AA announces intent to file Section 1113 motion
During a Bankruptcy Court hearing this afternoon, AMR’s attorneys announced that the Company will file a Section 1113 motion next week unless substantial progress is made in negotiations over the next few days. Considering that the Company has been unwilling to reduce its demand of $230 million in annual Flight Attendant concessions, we expect a Section 1113 motion covering the Flight Attendants will be filed the week of March 26.
Section 1113 of the Bankruptcy Code allows the debtor (AMR) to petition the court to scrap the existing collective bargaining agreements with its workforce. Once the debtor files the Section 1113 motion with the court, a hearing will be scheduled to begin on an expedited basis, as early as within 14 days of the filing date unless the parties mutually agree to a later date or the judge determines an extension is necessary based on the case’s particulars. Following the hearing, the bankruptcy judge will make a determination within 30 days. Discussions between the Company and the Unions may continue in an effort to reach an agreement prior to the judge’s ruling. No schedule has yet been set by the Court for its consideration of the anticipated motions.
The APFA is disappointed that the Company believes negotiations are stalled to the point that this drastic action is necessary. Our negotiating team has been working with the Company steadily since we received management’s term sheet on February 1. Our team has offered significant efficiencies to the Company in the hope that a truly equitable path forward could be found. For example, we have presented an aggressive early-out proposal that our financial experts estimate could save the Company over $100 million.
Most importantly, the Company’s demand of $230 million is totally divorced from the market rates or contract costs of Flight Attendants at other airlines. Over the past decade, the Company has constructed and implemented a business plan that has produced a much-publicized $10 billion hole, and now management expects labor to fill it.
Time and time again we have proven to the Company that the cost of our CBA has converged with those of our peers. In fact, after years of improving the Flight Attendants terms of employment, the average of our competitors’ CBAs will soon be far more expensive than American’s contract. Nonetheless, in an extraordinary effort to reach a consensual agreement, APFA proposed substantial savings to specific areas where American is not in line with its competitors. Management’s response was to repeat its mantra: “If it’s not $230 million in annual savings, we’re not interested.”
In addition, APFA, APA and TWU have been working to resolve our disputes fairly and equitably. Each union offered binding arbitration as the least disruptive path to an agreement, but that idea was summarily dismissed by Jeff Brundage. Apparently, American has no interest in achieving a constructive relationship with labor, based on trust and respect. Instead, it is perpetuating its long-standing practice of preferring contention over consensus. That is truly regrettable.
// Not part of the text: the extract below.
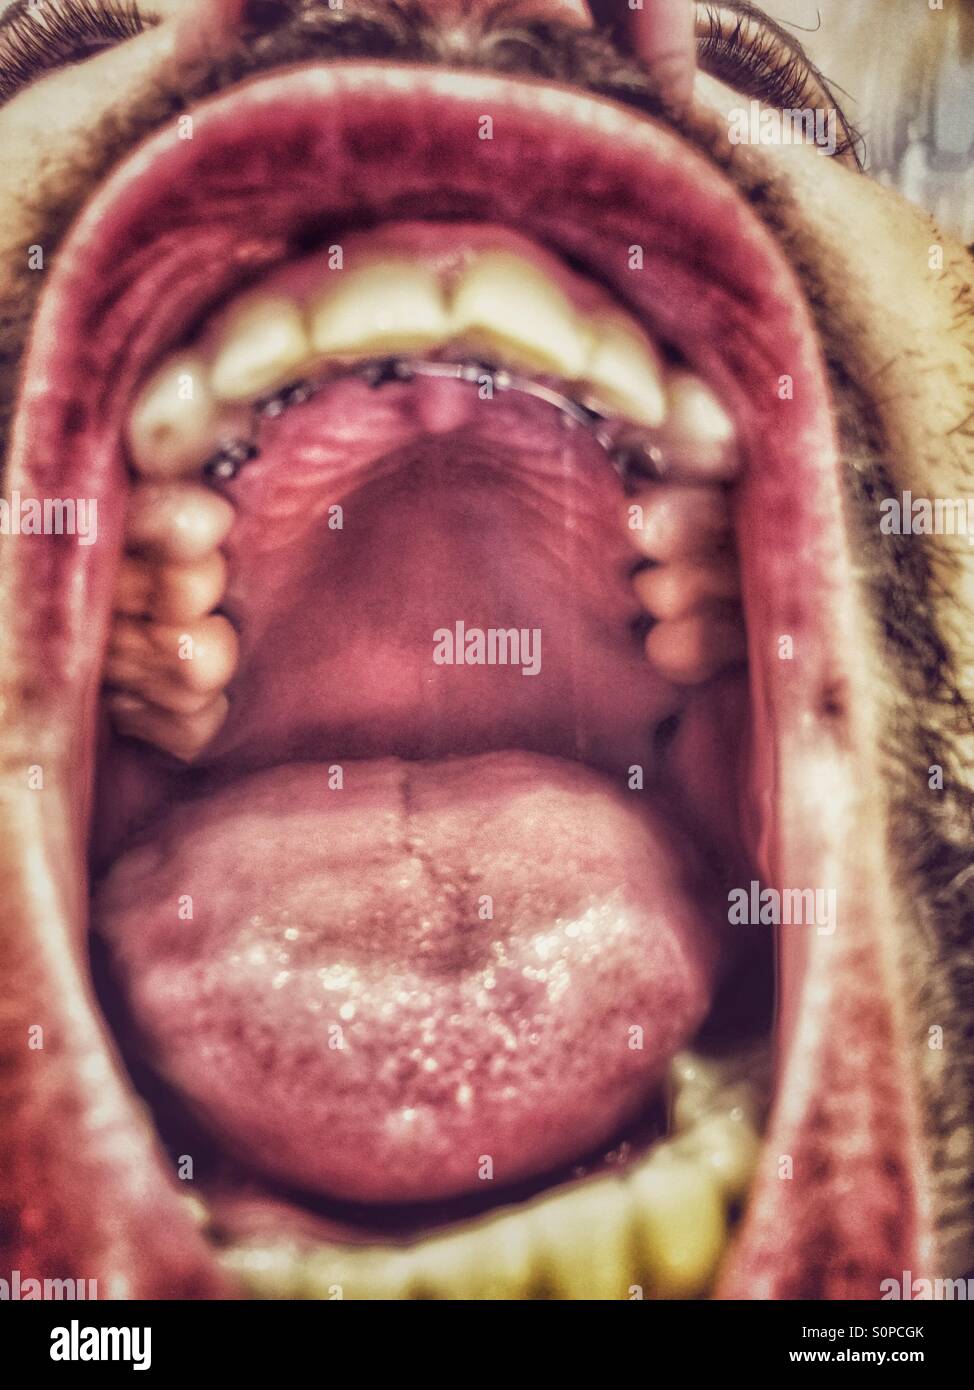 Ottone,ortodontista,Invisalign,denti,lingua rossa,grande lingua,grande bocca,uomo barbuto,denti gialli,dentisti,linea di cromo. Foto Stock

The Company appears intent on converting the Section 1113 process from one that focuses exclusively on negotiations to one that seeks rejection of our entire CBA. Now, as management tries to map its way out of bankruptcy, they are resorting to the take it or leave it tactics which never result in real success but only resentment and turmoil. Apparently, in preparing its business plan, American has left out one of the elements most critical to a successful reorganization ñ treating its employees with decency and respect. New aircraft, lie-flat seating, and elegant first class meals do not an airline make. It takes 80,000 workers. Should American continue to forget that fundamental principle it will be left with only the shell of a company.